Results and discussion

The database engine of kAAmer is based on log-structured merge-tree (LSM-tree) Key-Value (KV) stores¹¹. LSM-trees are used in data-intensive operations such as web indexing^12,13, social networking¹⁴ and online gaming^15,16. KAAmer uses Badger¹⁷, an efficient implementation in Golang (https://golang.org/) of a WiscKey KV (key-value) store¹⁶. WiscKey’s LSM-tree design is optimized for solid state drives (SSD) and separates keys from values to minimize data movement during the creation of the key-value store. KAAmer will obtain peak performance with modern hardware such as solid-state drives that offer good throughput in input/output (I/O) operations per second (IOPS) and will effectively accommodate use cases where many queries are sent simultaneously. A kAAmer database includes three KV stores (see Fig. 1a): one to provide the information on proteins (protein store) and two to enable the search functionalities (k-mer store and combination store). The k-mer store contains all the 7-mers found in the sequence dataset and the keys to the combination store, which uniquely serves the combination of proteins held by k-mers. The fixed k-mer size of 7 was chosen to fit on 4 bytes and keep a manageable database size while offering good specificity over protein targets. The k-merized design of a kAAmer database provides an interesting simplicity for the search tasks which will give an exact match count of all 7-mers between a protein query and all targets from a protein database. This strategy is not guaranteed to return the same homologous targets that would be obtained with alignment or HMM search and is therefore less suitable for distant homology retrieval.

In order to evaluate the performance and precision of kAAmer, we built a speed and a sensitivity benchmark against protein families of the ECOD database (homology groups)¹⁸. We evaluated four software: Blastp (v2.9.0+)³, Ghostz (v1.0.2)¹⁹, Diamond (v0.9.25)⁵ and kAAmer (v0.6). Other interesting software that make use of web servers for remote analyses, such as Sequenceserver²⁰ and MMseqs2²¹, are worth mentioning for the functionality that they offer. However, we limited our benchmark to the previously mentioned software for their alignment efficiency and their computational resource requirements. Note that we have tested two modes for Diamond, the more-sensitive and fast ones. Similarly, we tested two sensitivity modes with kAAmer, based on the minimal number of shared k-mers, which are k10 (at least 10 shared k-mers between protein query and target) and k1 (at least 1 shared k-mer). For kAAmer, each sensitivity mode was tested without alignment—the ratio of shared k-mers serving as a scoring function and also with a subsequent alignment form. The alignment purpose in kAAmer is to improve the scoring metrics while using the same result set as the raw alignment-free method.

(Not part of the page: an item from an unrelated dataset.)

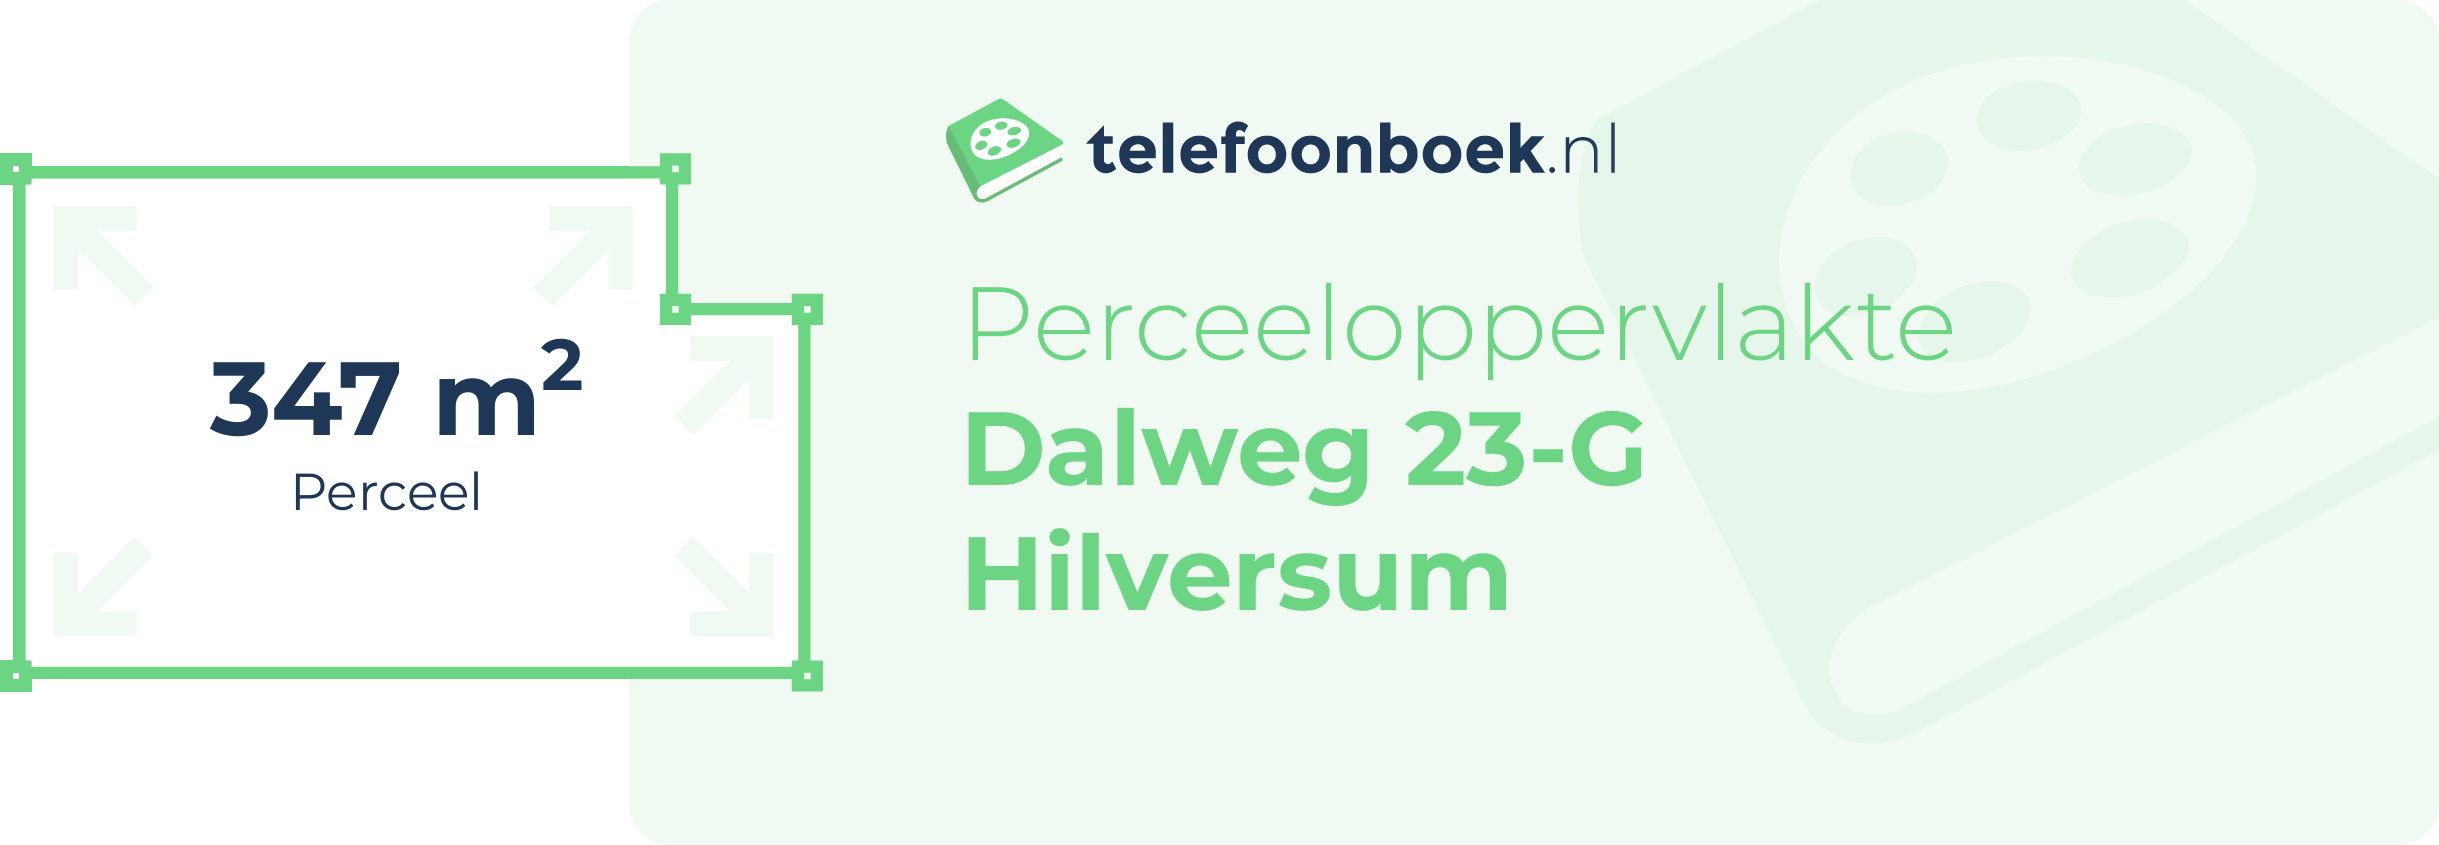 Perceeloppervlakte Dalweg 23-G Hilversum

Figure 1c illustrates the ROC curve results of the sensitivity benchmark. We observed that Ghostz, Blastp and Diamond-sensitive reported respectively the highest number of true positives regardless of false negatives. Then follows, kAAmer with the minimal number of shared k-mers, Diamond-fast and kAAmer with at least 10 shared k-mers. The ROC curve also shows the difference in precision of the alignment-free mode of kAAmer compared to the alignment modes. One of the main reasons would be the scoring scheme that uses the percentage of shared k-mers in contrast to bit score with the alignment results. Note that the minimal k-mer matches is an option provided by the user to tune the sensitivity of the protein search. We also compared our database engine with the aforementioned software for their execution time with different query dataset size. Thirteen different protein query datasets were randomly and uniquely chosen from the original ECOD database, with size ranging from 1 protein to 50,000 proteins. Figure 1b illustrates the wallclock times of the alignment software in comparison with kAAmer for protein homology searches. See the Methods section for the hardware used in the benchmarks. We observe with the larger query datasets (50,000 proteins) that kAAmer k10 in alignment-free mode completed the search in 46.5 s, while the alignment mode for kAAmer-k10 did it in 390.7 s. When using only one shared k-mers (kAAmer k1), the most sensitive mode in kAAmer, the execution times were 78.8 s without alignment and 966.6 s with alignment. The fast mode of Diamond completed the same task in 64.7 s, while it took 287.7 s with the sensitive mode. Ghost yielded results similar to the Diamond sensitive mode while Blastp reported results that were significantly slower than the other tested software. When comparing the speed results with the maximum number of queries (50,000 proteins), kAAmer in its alignment-free mode achieves performance comparable to the fast mode of Diamond, although the results will vary with the parameter of the minimal number of k-mer matches used. The alignment mode of kAAmer obviously adds an overhead that will impact the running time results. Yet in combination with the minimal k-mer match of 1, it will offer better sensitivity at the detriment of speed.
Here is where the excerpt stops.